▸ **WHAT YOU SHOULD DO**
Return verbatim every line from the first line of the data below to the line that contains "Human resources task responsibilities", inclusive, and no further.

Items listed in a dataset:

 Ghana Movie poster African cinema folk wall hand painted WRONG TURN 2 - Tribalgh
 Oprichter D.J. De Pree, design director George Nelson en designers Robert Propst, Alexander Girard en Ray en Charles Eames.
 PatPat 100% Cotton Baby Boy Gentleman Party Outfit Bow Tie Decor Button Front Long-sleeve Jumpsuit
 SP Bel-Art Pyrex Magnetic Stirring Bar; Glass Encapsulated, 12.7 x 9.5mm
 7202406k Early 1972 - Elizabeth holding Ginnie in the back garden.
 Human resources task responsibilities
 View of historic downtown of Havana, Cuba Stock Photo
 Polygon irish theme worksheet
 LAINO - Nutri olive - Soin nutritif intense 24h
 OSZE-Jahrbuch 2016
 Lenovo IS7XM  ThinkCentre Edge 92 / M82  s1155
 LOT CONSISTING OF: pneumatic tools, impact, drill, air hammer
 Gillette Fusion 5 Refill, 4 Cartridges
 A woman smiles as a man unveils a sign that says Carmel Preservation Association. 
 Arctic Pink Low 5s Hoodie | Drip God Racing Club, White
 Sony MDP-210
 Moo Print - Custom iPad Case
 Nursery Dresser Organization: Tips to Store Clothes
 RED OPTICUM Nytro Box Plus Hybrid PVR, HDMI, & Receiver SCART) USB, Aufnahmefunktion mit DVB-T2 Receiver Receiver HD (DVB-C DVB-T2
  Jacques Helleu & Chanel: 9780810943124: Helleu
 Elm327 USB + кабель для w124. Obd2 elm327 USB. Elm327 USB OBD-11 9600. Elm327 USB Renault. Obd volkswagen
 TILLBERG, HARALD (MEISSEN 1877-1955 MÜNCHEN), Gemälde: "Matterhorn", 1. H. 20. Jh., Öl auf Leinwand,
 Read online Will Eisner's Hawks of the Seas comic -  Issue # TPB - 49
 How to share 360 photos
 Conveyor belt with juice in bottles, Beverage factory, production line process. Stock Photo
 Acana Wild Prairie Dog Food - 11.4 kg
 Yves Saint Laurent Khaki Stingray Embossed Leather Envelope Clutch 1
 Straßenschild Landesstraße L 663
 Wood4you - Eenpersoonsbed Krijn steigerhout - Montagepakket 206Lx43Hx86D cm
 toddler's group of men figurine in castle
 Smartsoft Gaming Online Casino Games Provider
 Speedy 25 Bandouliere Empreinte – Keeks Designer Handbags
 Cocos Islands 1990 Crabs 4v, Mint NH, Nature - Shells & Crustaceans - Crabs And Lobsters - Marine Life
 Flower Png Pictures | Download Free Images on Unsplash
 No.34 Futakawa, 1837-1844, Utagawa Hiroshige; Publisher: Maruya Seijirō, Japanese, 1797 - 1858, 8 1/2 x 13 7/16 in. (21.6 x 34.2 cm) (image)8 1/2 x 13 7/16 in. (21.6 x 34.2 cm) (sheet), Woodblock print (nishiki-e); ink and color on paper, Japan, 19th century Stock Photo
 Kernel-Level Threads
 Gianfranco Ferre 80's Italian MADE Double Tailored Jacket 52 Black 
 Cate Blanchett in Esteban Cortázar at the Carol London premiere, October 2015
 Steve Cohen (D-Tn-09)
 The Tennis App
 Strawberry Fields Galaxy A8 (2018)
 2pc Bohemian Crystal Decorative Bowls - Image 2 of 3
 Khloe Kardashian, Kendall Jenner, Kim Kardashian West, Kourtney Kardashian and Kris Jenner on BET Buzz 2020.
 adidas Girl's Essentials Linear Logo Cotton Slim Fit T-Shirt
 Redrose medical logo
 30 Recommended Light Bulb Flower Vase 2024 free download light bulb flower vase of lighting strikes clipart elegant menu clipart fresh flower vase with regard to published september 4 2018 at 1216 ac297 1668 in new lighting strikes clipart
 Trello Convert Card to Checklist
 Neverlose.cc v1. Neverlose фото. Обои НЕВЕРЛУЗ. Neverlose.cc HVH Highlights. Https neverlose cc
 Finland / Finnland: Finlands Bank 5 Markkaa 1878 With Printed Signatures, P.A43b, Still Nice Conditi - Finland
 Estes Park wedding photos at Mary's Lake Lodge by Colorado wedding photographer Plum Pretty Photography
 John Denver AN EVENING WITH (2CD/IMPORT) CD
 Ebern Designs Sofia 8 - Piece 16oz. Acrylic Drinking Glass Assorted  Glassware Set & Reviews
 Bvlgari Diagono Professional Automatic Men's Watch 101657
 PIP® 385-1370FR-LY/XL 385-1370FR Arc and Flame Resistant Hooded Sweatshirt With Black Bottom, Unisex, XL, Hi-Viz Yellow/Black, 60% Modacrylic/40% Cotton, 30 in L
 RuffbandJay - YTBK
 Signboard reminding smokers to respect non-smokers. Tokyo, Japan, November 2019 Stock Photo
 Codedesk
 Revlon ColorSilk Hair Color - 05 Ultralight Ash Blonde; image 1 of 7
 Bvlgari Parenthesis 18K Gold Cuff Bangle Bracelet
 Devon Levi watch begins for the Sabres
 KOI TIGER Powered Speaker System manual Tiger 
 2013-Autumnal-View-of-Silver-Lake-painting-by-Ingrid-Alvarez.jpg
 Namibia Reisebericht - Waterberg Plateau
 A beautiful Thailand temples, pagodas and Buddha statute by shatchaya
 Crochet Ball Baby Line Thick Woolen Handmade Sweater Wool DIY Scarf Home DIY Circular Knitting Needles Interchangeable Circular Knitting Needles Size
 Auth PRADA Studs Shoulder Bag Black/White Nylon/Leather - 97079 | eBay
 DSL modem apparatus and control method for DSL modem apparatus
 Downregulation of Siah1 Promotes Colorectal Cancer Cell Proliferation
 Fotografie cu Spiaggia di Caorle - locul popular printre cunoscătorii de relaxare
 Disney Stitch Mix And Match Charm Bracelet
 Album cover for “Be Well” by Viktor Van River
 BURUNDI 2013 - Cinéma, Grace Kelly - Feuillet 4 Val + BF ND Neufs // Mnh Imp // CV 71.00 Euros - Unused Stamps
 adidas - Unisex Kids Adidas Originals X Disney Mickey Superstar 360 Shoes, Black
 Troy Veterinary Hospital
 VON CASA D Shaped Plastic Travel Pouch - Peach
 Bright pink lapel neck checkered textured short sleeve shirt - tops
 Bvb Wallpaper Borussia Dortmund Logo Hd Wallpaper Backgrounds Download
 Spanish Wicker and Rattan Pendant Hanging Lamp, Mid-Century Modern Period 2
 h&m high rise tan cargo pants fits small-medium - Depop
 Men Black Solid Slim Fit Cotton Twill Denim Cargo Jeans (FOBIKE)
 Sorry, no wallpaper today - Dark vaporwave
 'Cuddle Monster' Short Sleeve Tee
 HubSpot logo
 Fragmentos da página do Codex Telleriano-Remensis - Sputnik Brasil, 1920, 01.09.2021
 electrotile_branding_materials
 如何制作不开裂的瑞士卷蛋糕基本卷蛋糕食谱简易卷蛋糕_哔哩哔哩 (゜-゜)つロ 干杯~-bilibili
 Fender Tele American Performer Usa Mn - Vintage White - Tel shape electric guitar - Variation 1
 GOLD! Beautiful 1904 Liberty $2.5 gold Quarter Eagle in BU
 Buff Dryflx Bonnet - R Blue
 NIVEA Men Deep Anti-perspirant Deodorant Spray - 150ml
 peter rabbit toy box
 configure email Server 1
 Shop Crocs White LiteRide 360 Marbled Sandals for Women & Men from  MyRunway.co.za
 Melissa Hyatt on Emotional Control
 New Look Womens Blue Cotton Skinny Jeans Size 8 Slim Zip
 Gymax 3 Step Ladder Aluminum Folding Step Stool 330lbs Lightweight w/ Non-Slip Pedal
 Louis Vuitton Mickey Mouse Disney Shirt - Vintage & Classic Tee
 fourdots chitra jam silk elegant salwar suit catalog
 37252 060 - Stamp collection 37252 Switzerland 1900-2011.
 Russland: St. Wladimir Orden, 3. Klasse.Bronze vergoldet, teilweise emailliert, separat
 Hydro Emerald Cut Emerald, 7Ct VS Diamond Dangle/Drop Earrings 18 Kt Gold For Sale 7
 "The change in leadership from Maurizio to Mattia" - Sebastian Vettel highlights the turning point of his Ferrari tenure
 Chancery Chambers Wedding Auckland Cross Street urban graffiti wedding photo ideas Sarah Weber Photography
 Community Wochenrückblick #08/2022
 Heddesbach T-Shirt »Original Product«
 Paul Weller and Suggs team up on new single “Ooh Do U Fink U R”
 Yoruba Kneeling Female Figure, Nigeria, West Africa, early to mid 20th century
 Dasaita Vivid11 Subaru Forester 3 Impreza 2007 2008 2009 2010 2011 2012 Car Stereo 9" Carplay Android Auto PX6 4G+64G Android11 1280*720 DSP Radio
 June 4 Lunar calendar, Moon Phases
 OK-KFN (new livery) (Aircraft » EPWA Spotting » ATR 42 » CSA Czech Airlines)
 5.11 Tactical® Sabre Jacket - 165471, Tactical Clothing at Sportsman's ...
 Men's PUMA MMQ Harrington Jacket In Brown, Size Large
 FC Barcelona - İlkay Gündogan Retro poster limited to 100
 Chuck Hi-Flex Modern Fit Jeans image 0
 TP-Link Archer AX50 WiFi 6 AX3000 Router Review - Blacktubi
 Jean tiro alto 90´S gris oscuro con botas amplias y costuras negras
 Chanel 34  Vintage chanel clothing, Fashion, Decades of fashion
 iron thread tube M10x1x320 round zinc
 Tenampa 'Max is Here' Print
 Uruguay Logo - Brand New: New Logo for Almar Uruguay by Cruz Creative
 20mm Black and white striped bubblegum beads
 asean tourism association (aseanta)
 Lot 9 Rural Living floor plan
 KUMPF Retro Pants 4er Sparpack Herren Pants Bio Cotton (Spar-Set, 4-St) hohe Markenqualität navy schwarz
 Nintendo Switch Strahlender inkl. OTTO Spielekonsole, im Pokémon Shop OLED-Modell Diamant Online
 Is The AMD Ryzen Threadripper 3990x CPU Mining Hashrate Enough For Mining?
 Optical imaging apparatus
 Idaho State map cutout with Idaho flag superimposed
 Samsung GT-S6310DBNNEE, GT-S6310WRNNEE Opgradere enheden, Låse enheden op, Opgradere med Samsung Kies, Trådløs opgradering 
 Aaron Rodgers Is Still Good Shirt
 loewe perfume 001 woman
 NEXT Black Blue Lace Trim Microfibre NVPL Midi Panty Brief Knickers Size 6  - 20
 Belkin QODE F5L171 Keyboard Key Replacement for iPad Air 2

▸ **EXPECTED OUTPUT**
 Ghana Movie poster African cinema folk wall hand painted WRONG TURN 2 - Tribalgh
 Oprichter D.J. De Pree, design director George Nelson en designers Robert Propst, Alexander Girard en Ray en Charles Eames.
 PatPat 100% Cotton Baby Boy Gentleman Party Outfit Bow Tie Decor Button Front Long-sleeve Jumpsuit
 SP Bel-Art Pyrex Magnetic Stirring Bar; Glass Encapsulated, 12.7 x 9.5mm
 7202406k Early 1972 - Elizabeth holding Ginnie in the back garden.
 Human resources task responsibilities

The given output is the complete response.